DEFAWK is the highest-level macro, and one that closely mimics the awk toplevel. It takes a name, a parameter list consisting of &key and &aux parameters, and a set of MATCH-WHEN clauses. It binds the parameter list to the variable ARGS, and evaluates the BEGIN clauses. The BEGIN clauses are free to modify ARGS. Then it loops through the (possibly modified) ARGS, executing the pattern clauses for each stream and pathname in the list. It handles docstrings correctly.
The handling of the parameter list is perhaps the oddest thing about the DEFAWK macro. It is intended to closely match the behavior of a command-line AWK. A pleasant difference is that keyword parameters are automatically parsed out, instead of requiring you to do it manually like in real AWK.
The $+ , $-, $*, $/, $REM, $EXPT, $++, #=, $<, $>, $<=, $>=, $/=, $MIN, $MAX, $ZEROP, $LENGTH, $PRINT functions can take numbers and strings and do the AWK thing, coercing the arguments back and forth as necessary. $++ is the concatenation operator (in AWK this is indicated by space, which clearly doesn't work in the Lisp world). $LENGTH is overloaded on associative arrays (i.e. hashtables) to return the HASH-TABLE-COUNT.
The generic functions INT, STR, and NUM handle the common coercions.

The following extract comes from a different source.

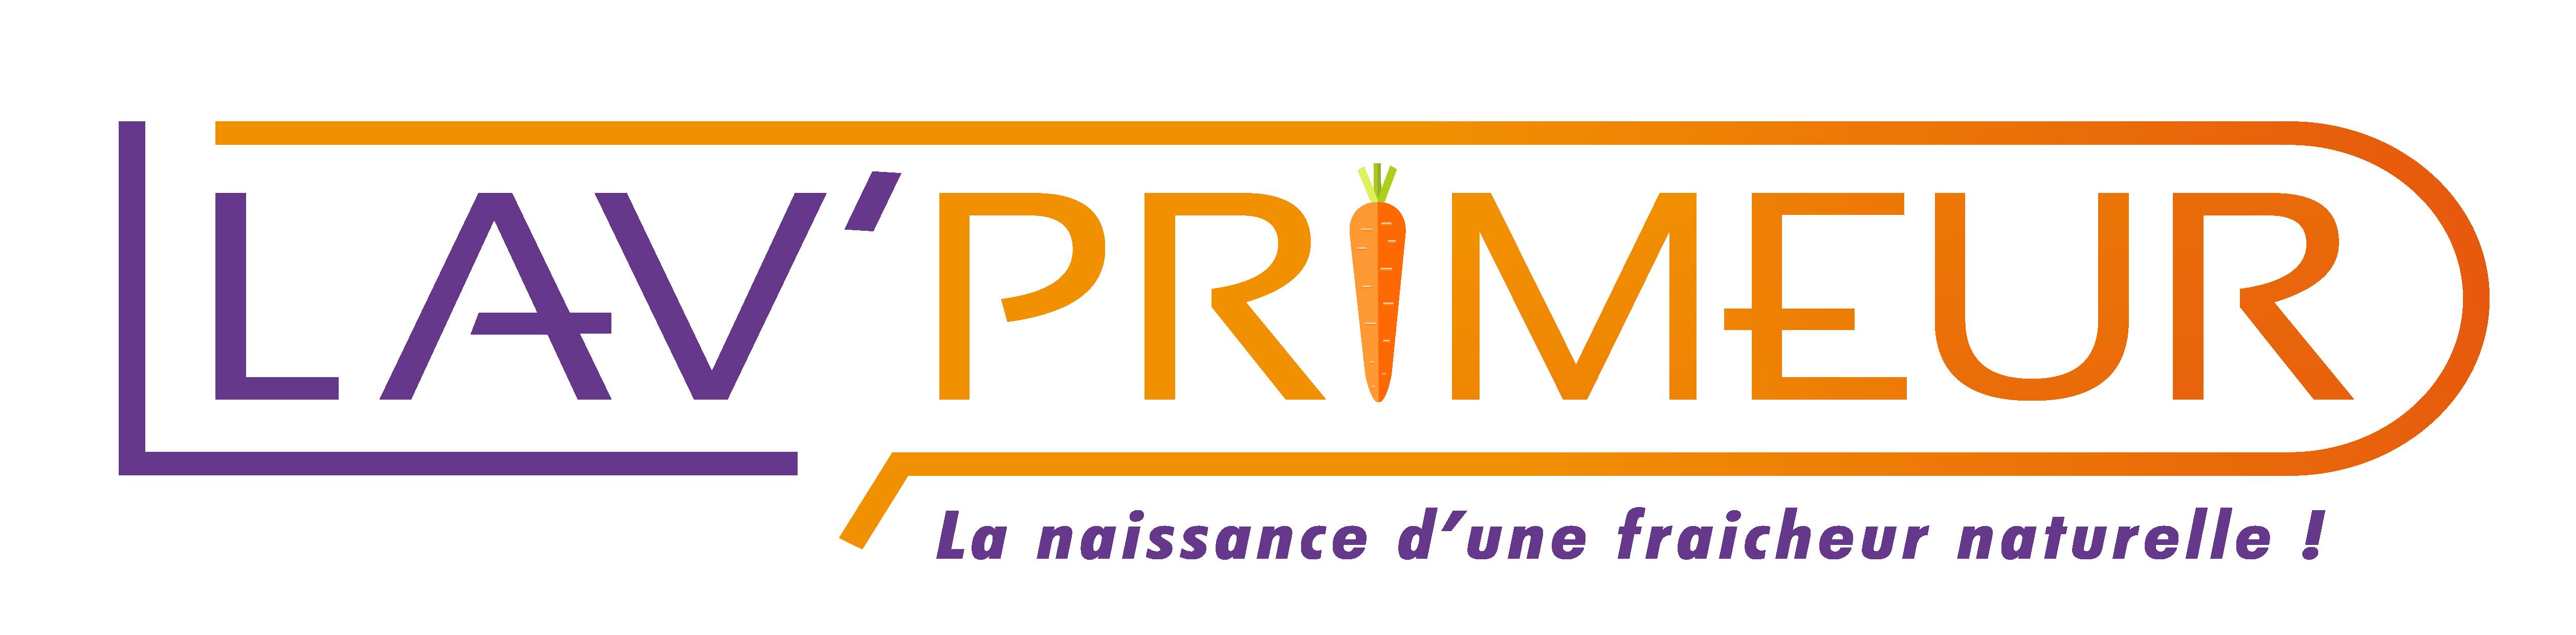 LAV PRIMEUR
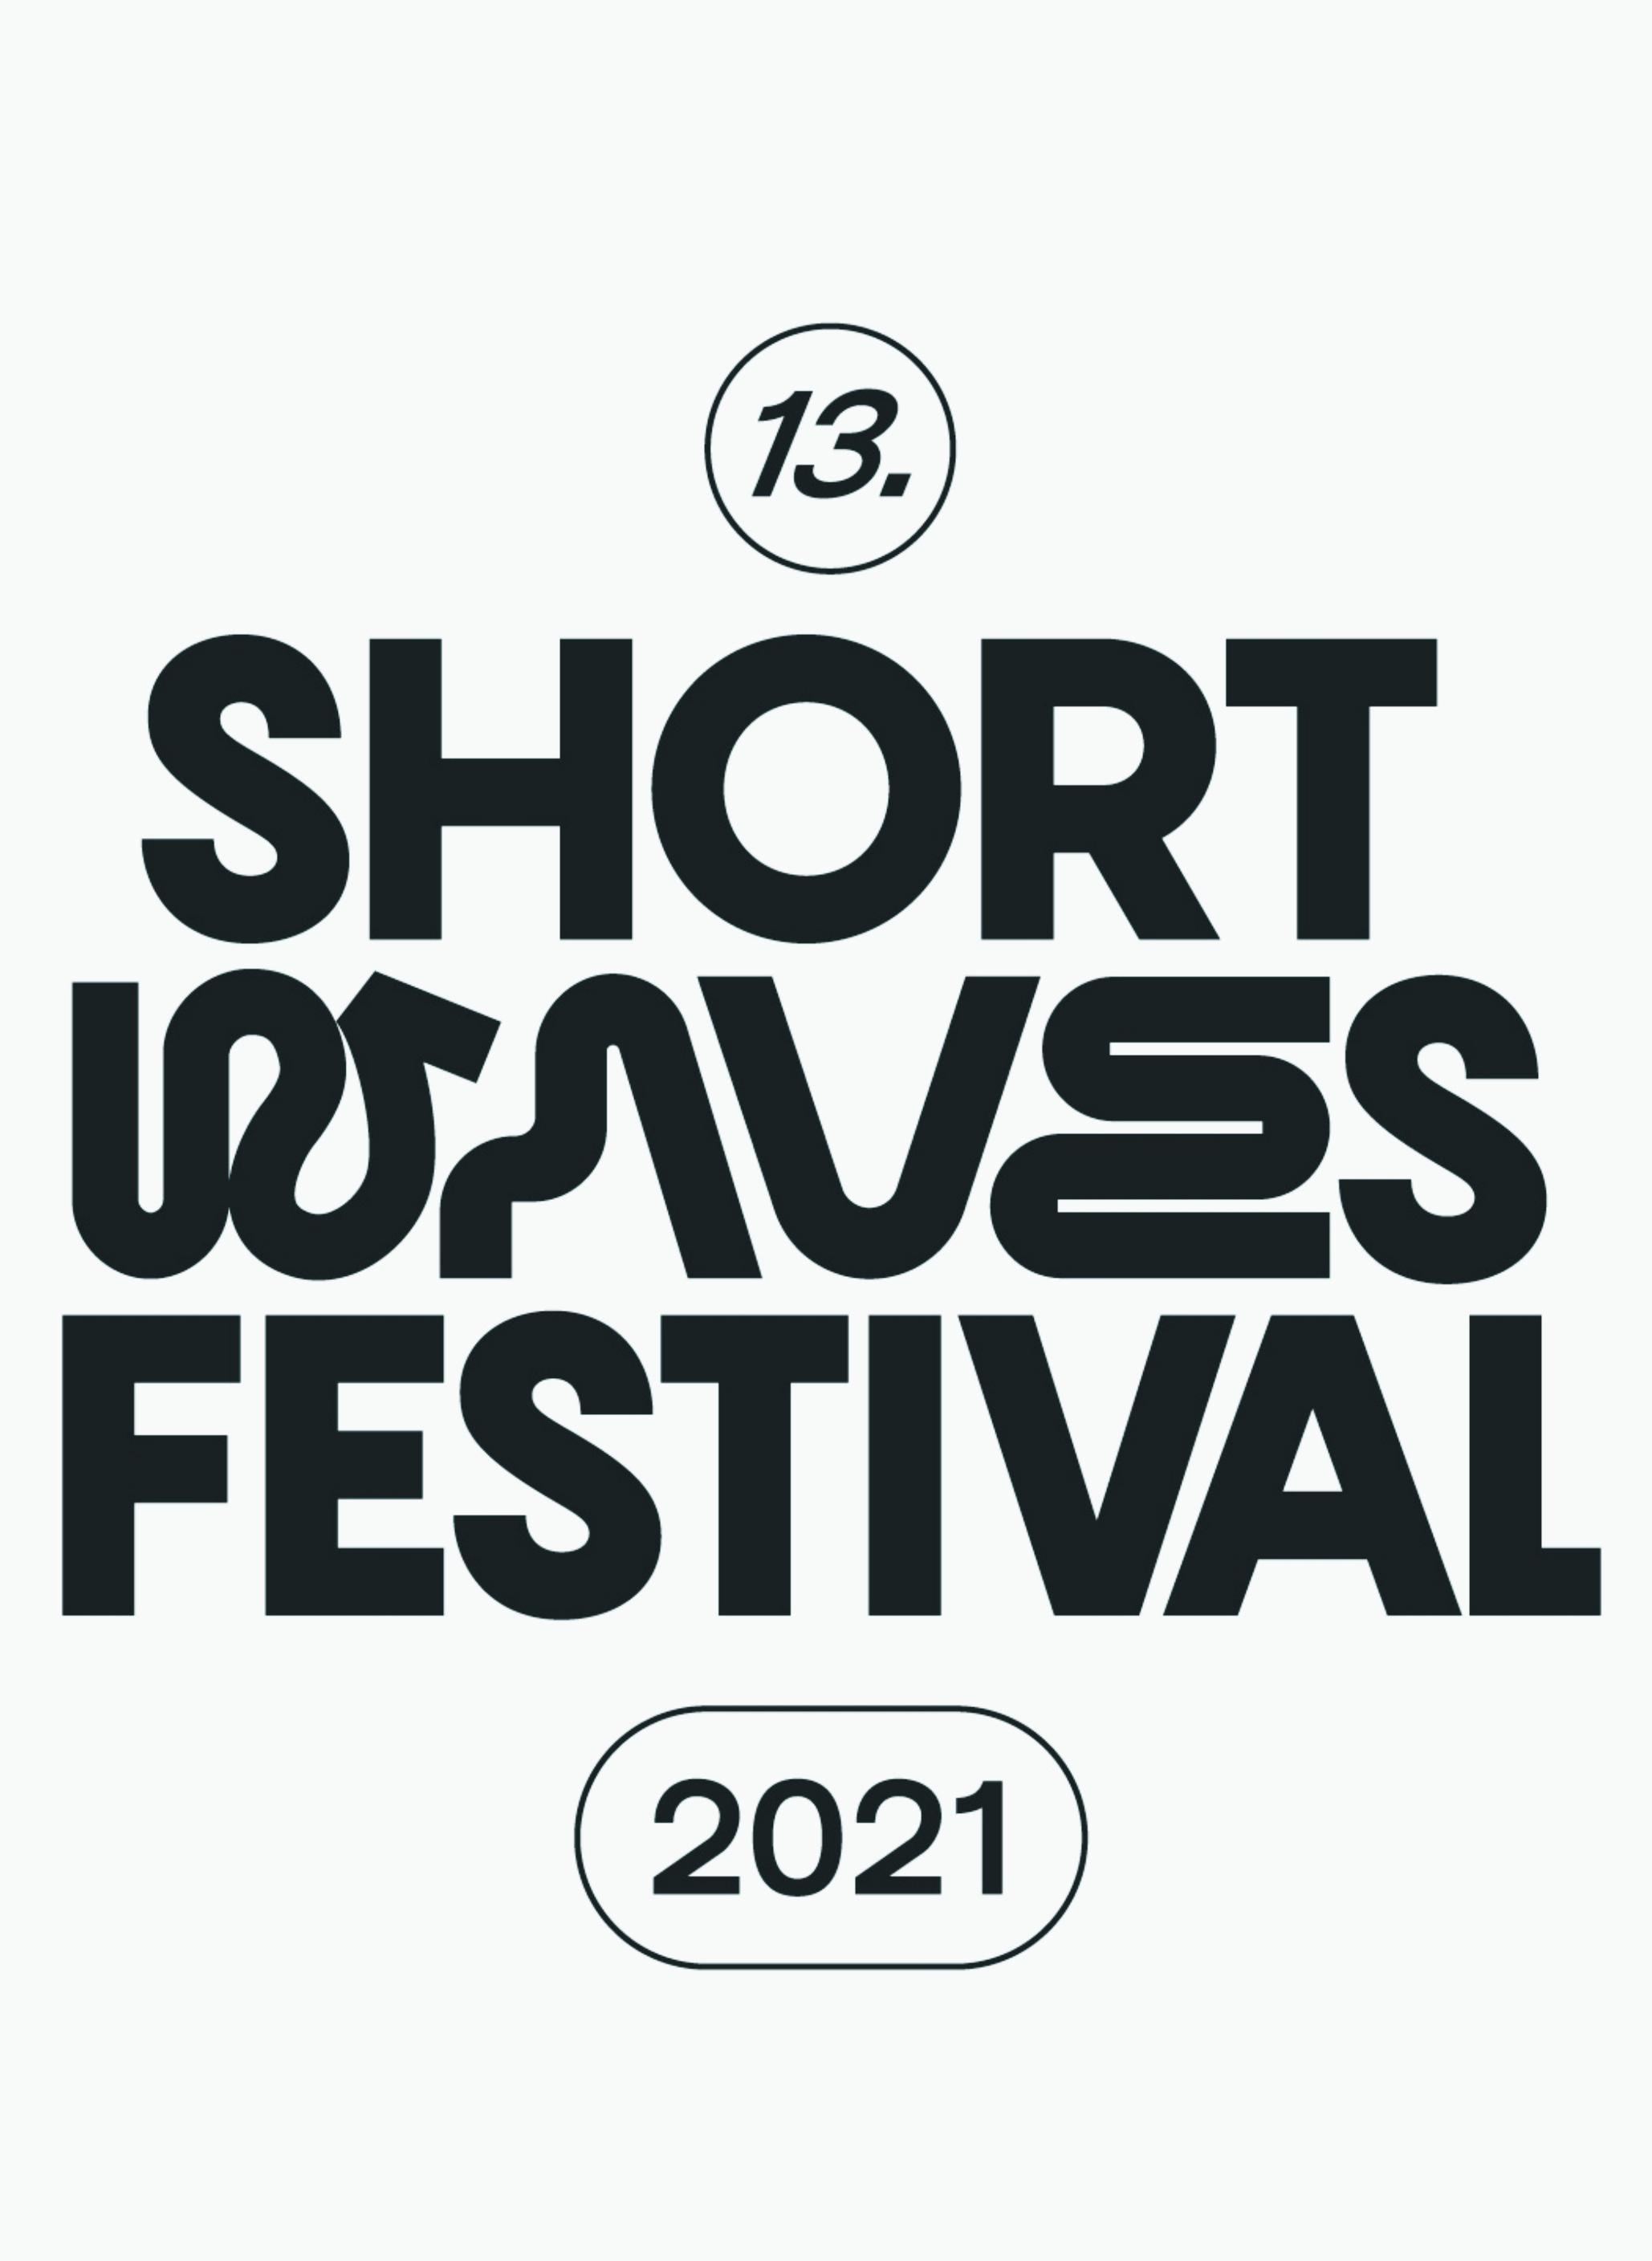 Short Waves Festival 2021 - SWF Awarded: IC

AWK does provide an INT function, but string coercions are done by concatenating the value with the empty string, and numeric coercions are done by adding 0 to the value. While these kludges also work in CLAWK, the NUM and STR functions are to be preferred.
The $ARRAY, $AREF, $FOR $IN and $DELETE functions (and macros) implement AWK-like associative arrays (including the amusing SUBSEP behavior for multiple indices), except that unlike AWK there's nothing to keep you from nesting these "arrays".
$0, $1, ..., $20 are symbol-macros that access the fields of the current line. $#0, $#1, ..., $#20 do also, but they attempt to interpret the value as a number.
%0, %1, ..., %20 are symbol-macros that index into the recent submatches. %#0, %#1, ..., %#20 do also, but they attempt to interpret the submatch value as a number.
This system also defines a clawk-user package.